[voiserPlayer]
*Makaleyi özetle okumak isterseniz; sadece kalın yazıyla çizilmiş alanları tarayabilirsiniz.
Daha düne kadar bildiğimiz dünya, bugün Covid-19 ile radikal bir şekilde değişiyor. Uzun bir süredir ilk kez tüm dünya bir arada değişimi iliklerimize kadar hissediyoruz.
Nasıl yaşadığımız, nasıl çalıştığımız, nasıl sosyalleştiğimiz ve paranın dolaşımı; hepsi hızla değişiyor.
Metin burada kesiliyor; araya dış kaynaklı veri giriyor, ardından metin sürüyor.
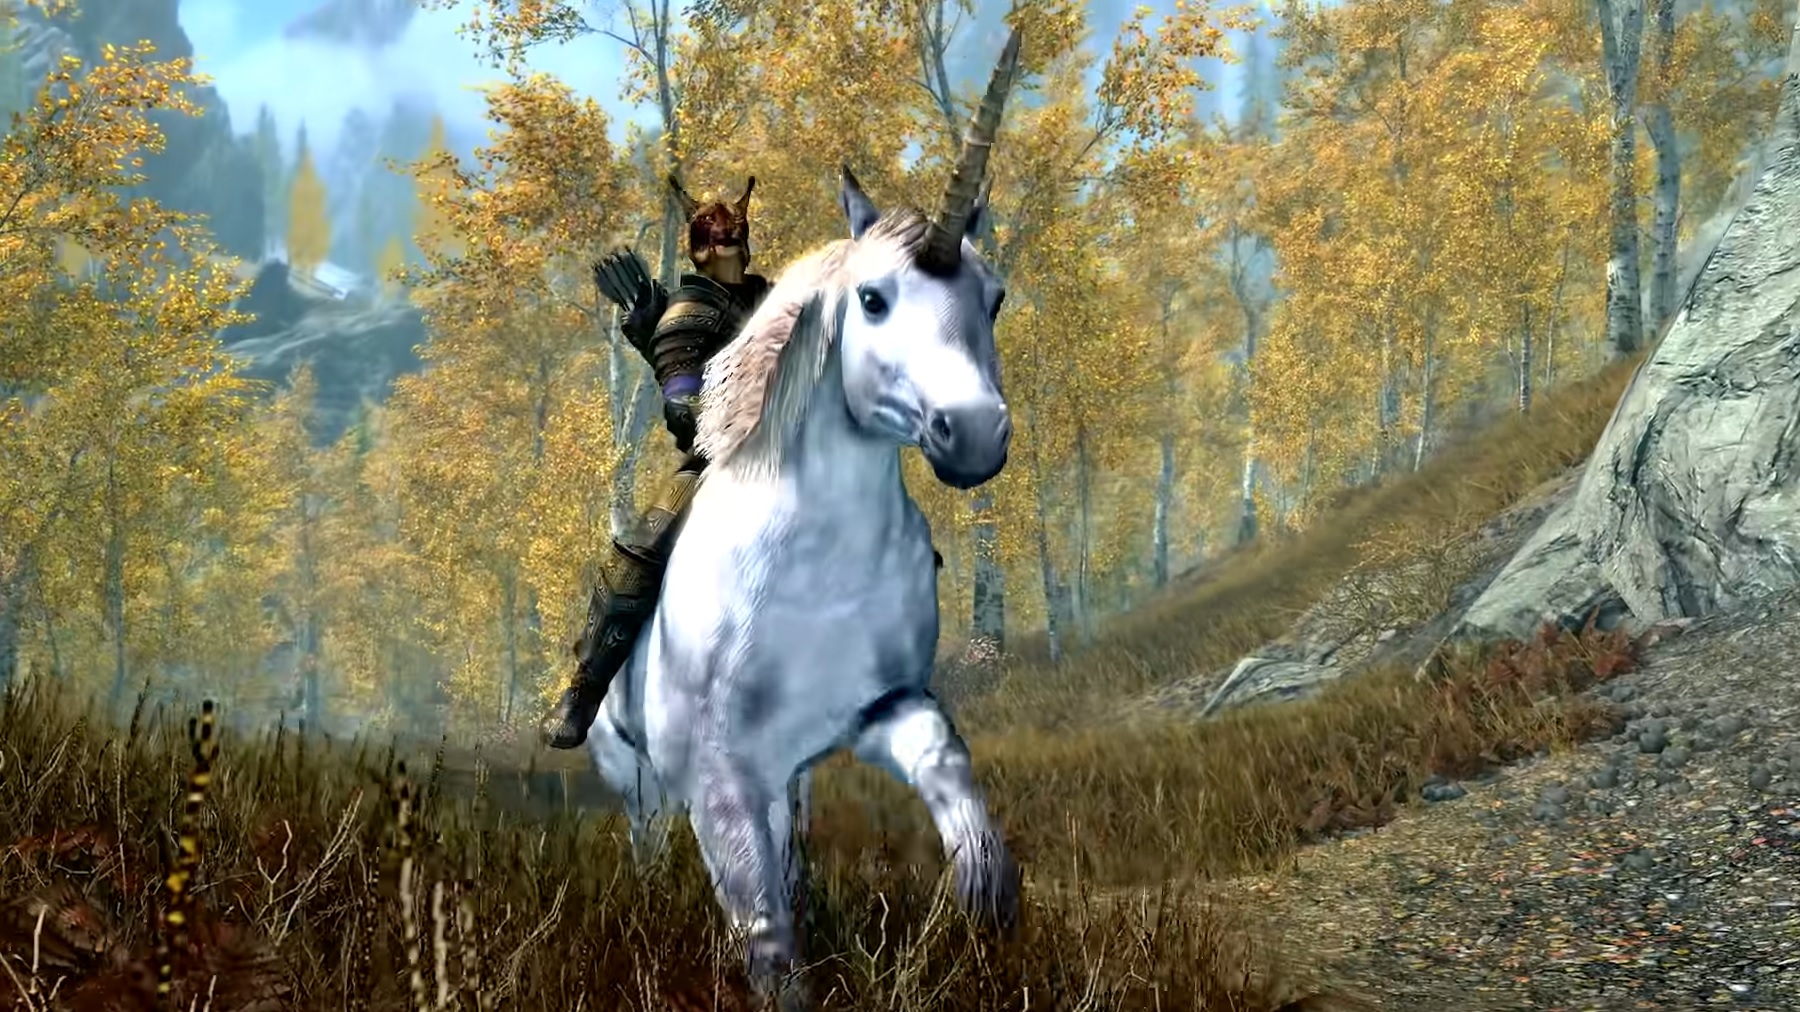  Skyrim Anniversary Edition is causing crashes by running too efficiently

Covid-19 salgını bittiğinde kuvvetle muhtemel uluslararası sistem, dayanışma temelli ve vicdani yeniden bir inşa sürecine yönelecektir. Bu inşayı özellikle sosyal güvenlik, sağlık, istihdam ve çevre alanlarında gözlemleyeceğiz. Temelini ortak işbirliğine dayandıran bölgesel ekonomik-siyasi birlikler varoluş amaçlarını sorgulayacaklardır. Avrupa Birliği örneğine bakıldığında, karar alma mekanizmalarındaki hantal yapısıyla zaten eleştirilen Birliğin, pandemiye karşı tutuk tavrına ve çözüm getiremeyişine cevap olarak bir yeniden yapılanmaya gideceğini görebiliriz.
Kaçınılmaz olacak ki, bizi önümüzdeki günlerde derin bir küresel durgunluk, iş gücü piyasalarının çöküşü ve tüketici harcamalarının buharlaşması bekliyor. Hatırlarsanız, 2008 Ekonomik Krizi’nde hükûmetleri harekete geçiren senaryo, ATM’lerden para çekilememe ihtimaliydi. Eğer insanlar evlerinden çıkmayı bırakırlarsa, o zaman paranın dolaşımı da durma noktasına gelecektir.
Küçük işletmeler, çalışanlarını korkutucu bir hızla kaybederken, Amazon ABD’de 100.000 çalışana daha ihtiyaç duyduğunu ilan etti. Amazon’un bu ilanı bize gelecek günlerin dijital platform devlerinin amansız büyüyebileceğini ve dijital girişimlere olan eğilimin kat be kat artacağını işaret ediyor. Ticarette sürdürülebilir olmanın kuralları yeniden yazılacak.
Bu küresel durgunluk şüphesiz ki en çok ihracata bağımlı ekonomileri vuracaktır. Türkiye de bunlardan biri. Örneğin, İrlanda dünyanın en fazla ihracata bağımlı ekonomilerinden biri olduğu için, bu krizin ne kadar sürdüğüne bağlı olarak, İrlanda’nın milli gelirinin veya GSYİH’sinin bu çeyrekte ve sonraki dönemde yüzde 10-25 oranında düşebileceği öngörülüyor. Bu küçülme en çok istihdamı etkileyecektir. Bu noktada bir çok genç iş ve beyin göçüne yönelecektir. Ancak, dünyadaki neredeyse her gelişmiş ülke kendi içlerinde farklı boyutlarda küçülmelerle ve işsizlikle mücadele edeceği için beyin göçü pek mümkün olmayacaktır.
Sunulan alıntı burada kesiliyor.